Ditanya soal peluang kader Golkar lainnya yaitu Hj. Ananda yang juga digadang-gadang akan ikut bertarung di Pilwali Banjarmasin, Supian menanggapinya dengan santai. “Lihat sajalah nanti. Karena yang diusulkan bukan bu Nanda (sapaan Hj. Ananda),” tegas Supian.

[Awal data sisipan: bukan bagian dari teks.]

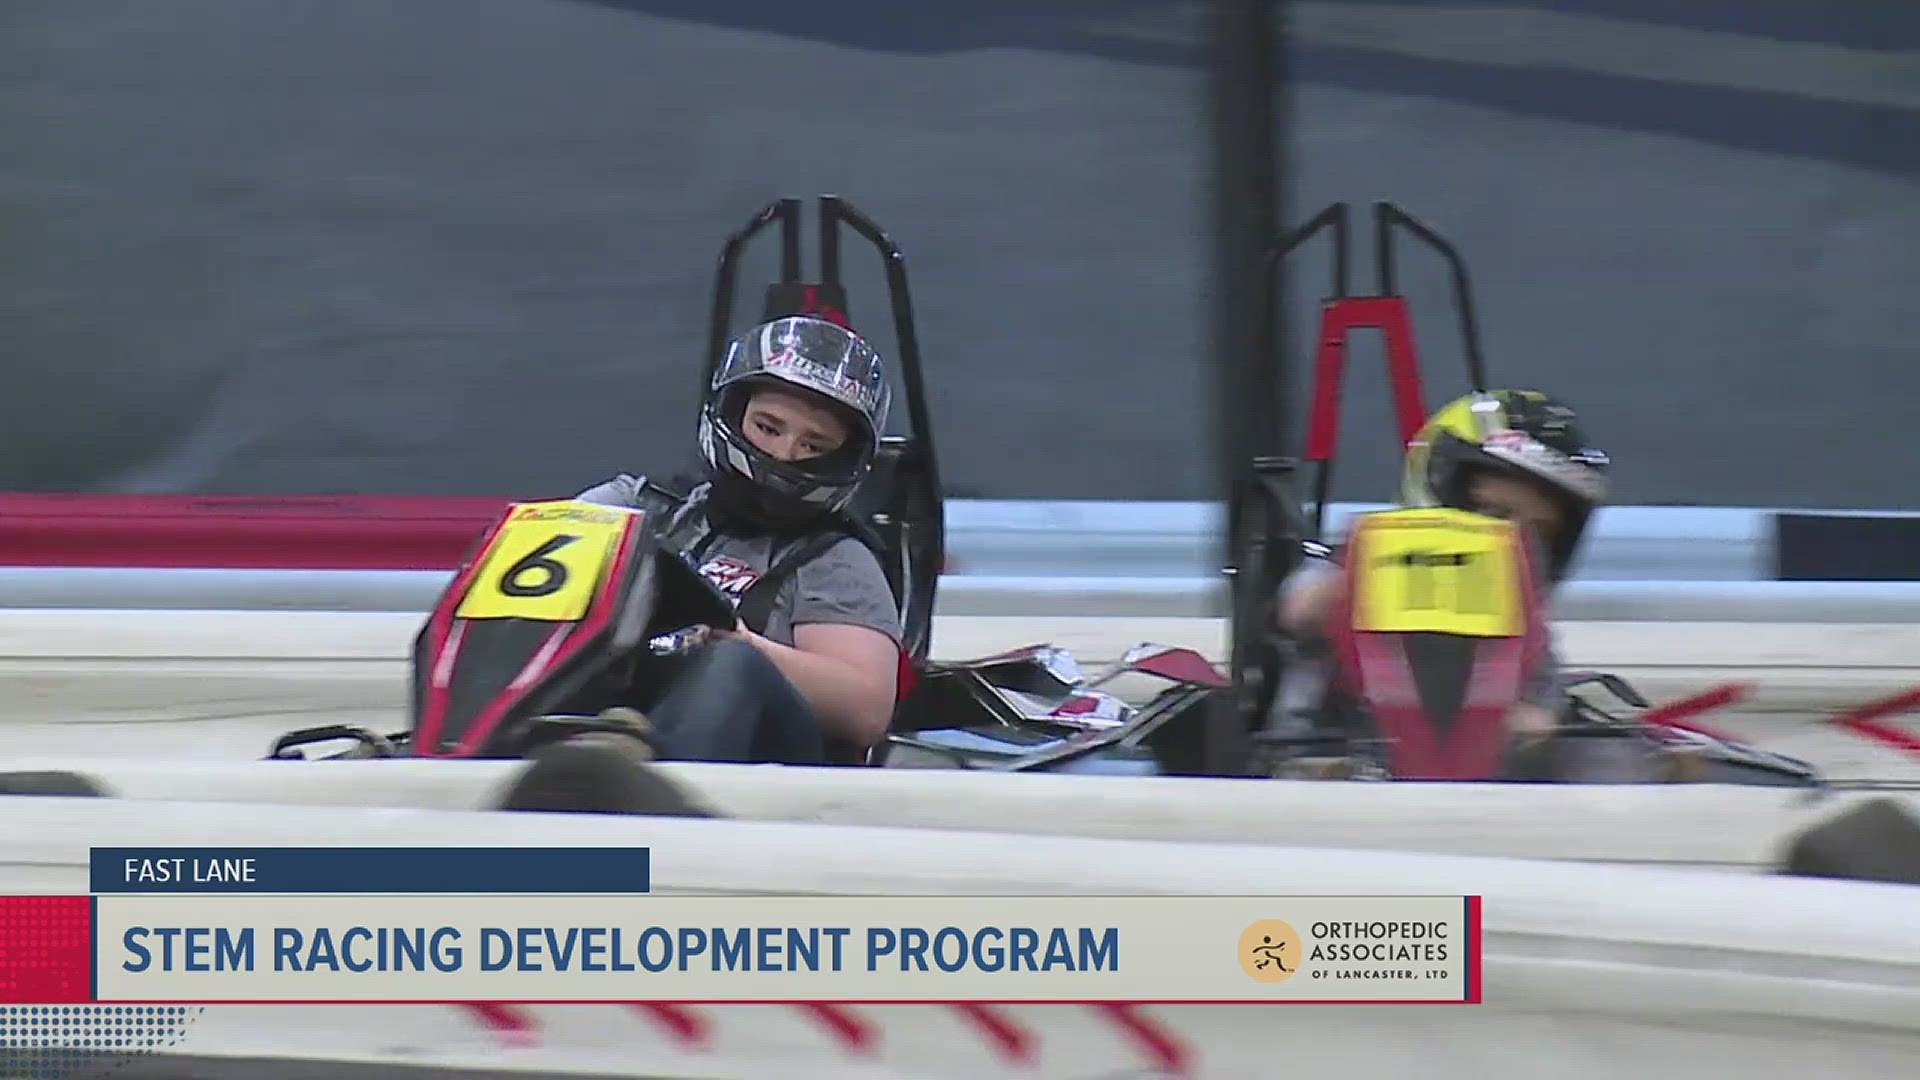 Driver Owen Dimm is leading the first Racing Development Program at Autobahn Indoor Speedway.

Supian pun menegaskan bahwa nama-nama yang sudah tercantum di surat rekomendasi DPP Partai Golkar sudah final. “Nama Paman Birin sudah final. Hanya dua saja yang belum,” tutur Supian. Ia sendiri memastikan, surat rekomendasi untuk bakal calon kepala daerah di Pilwali Banjarmasin dan Pilbup Kotabaru akan keluar dalam waktu tiga hingga empat hari ke depan.

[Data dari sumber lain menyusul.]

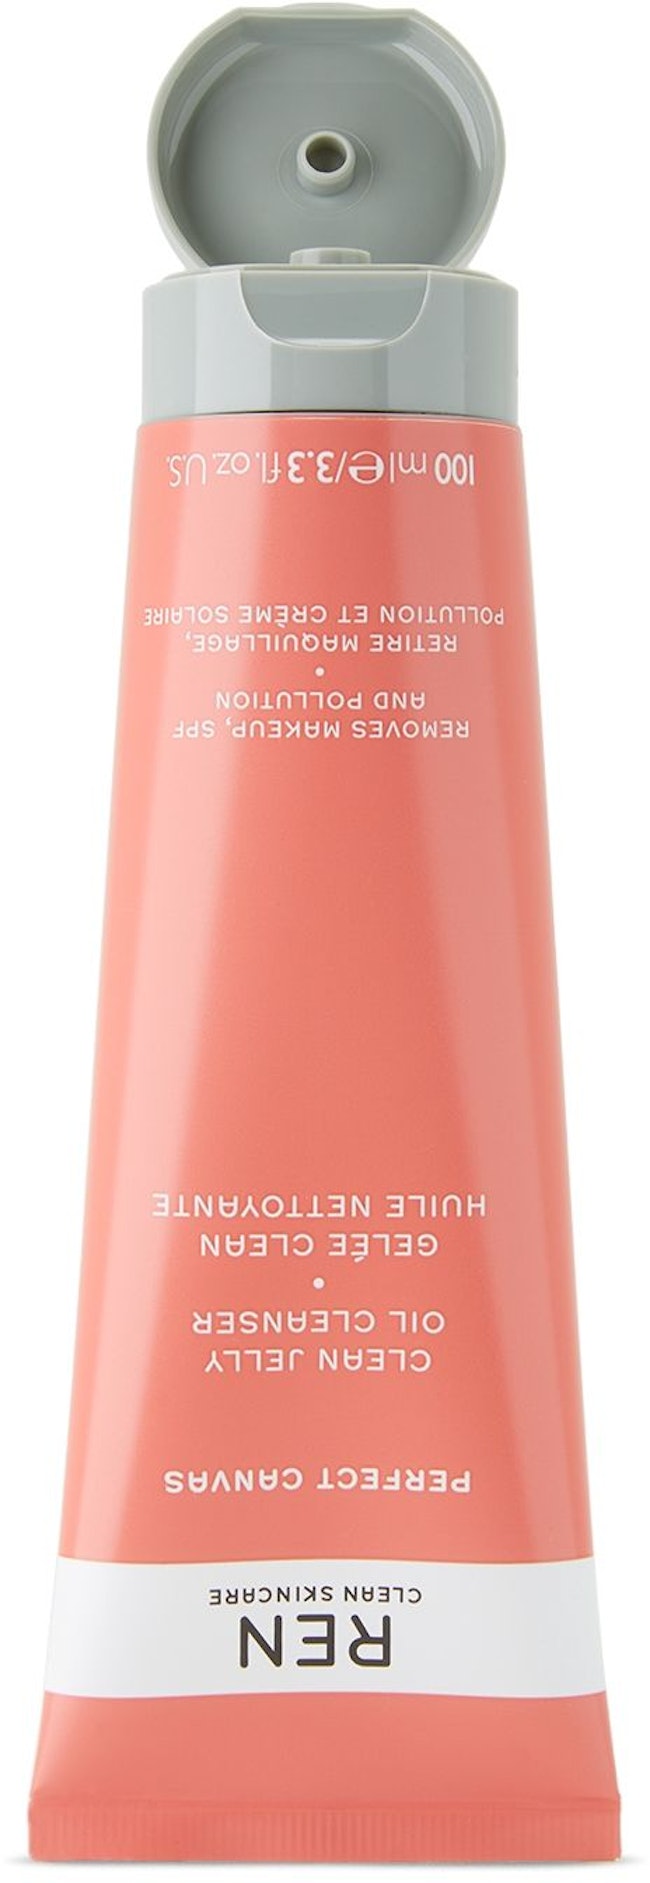 Perfect Canvas Clean Jelly Oil Cleanser, 100 mL: additional image

Lalu, mengapa nama bakal calon kepala daerah ini belum juga ditetapkan? “Tanyakan pada rumput yang bergoyang,” pungkas Supian sambil celetuk.

Terpisah, ketika ditanya soal namanya yang tidak muncul di surat rekomendasi DPP Partai Golkar, Abdul Haris Makkie memilih untuk irit bicara. “Itu urusan partai, bukan urusan saya,” singkat Haris yang juga Sekdaprov Kalsel ini.

Sementara itu, informasi yang dihimpun Kanalkalimantan.com terkait belum keluarnya SK untk Banjarmasin karena belum kelarnya hasil survai di ibukota provinsi tersebut. DPP terkesan berhati-hati menelurkan kandidat karena medan pertarungan di Banjarmasin diprediksi akan cukup sengit dan memiliki nilai strategis.

Sebelumnya disebutkan, apalagi, Banjarmasin sebagai ibukota provinsi memiliki nilai startegis. Selain kantong massa lantaran banyaknya jumlah pemilih, Banjarmasin menjadi simbol pemerintahan Kalsel yang harus bisa digandeng oleh Gubernur nantinya.

Dari data pemilu sebelumnya yang dihimpun Kanalkalimantan.com, Banjarmasin memiliki jumlah pemilih terbesar sebanyak 423.392 orang. Disusul kemudian Kabupaten Banjar sebanyak 401. 445 pemilih, Kabupaten Tanah Laut (Tala) sebanyak 230.136 pemilih, Kabupaten Tanah Bumbu sebanyak 220.789 pemilih dan Kabupaten Kotabaru sebanyak 216.845 pemilih.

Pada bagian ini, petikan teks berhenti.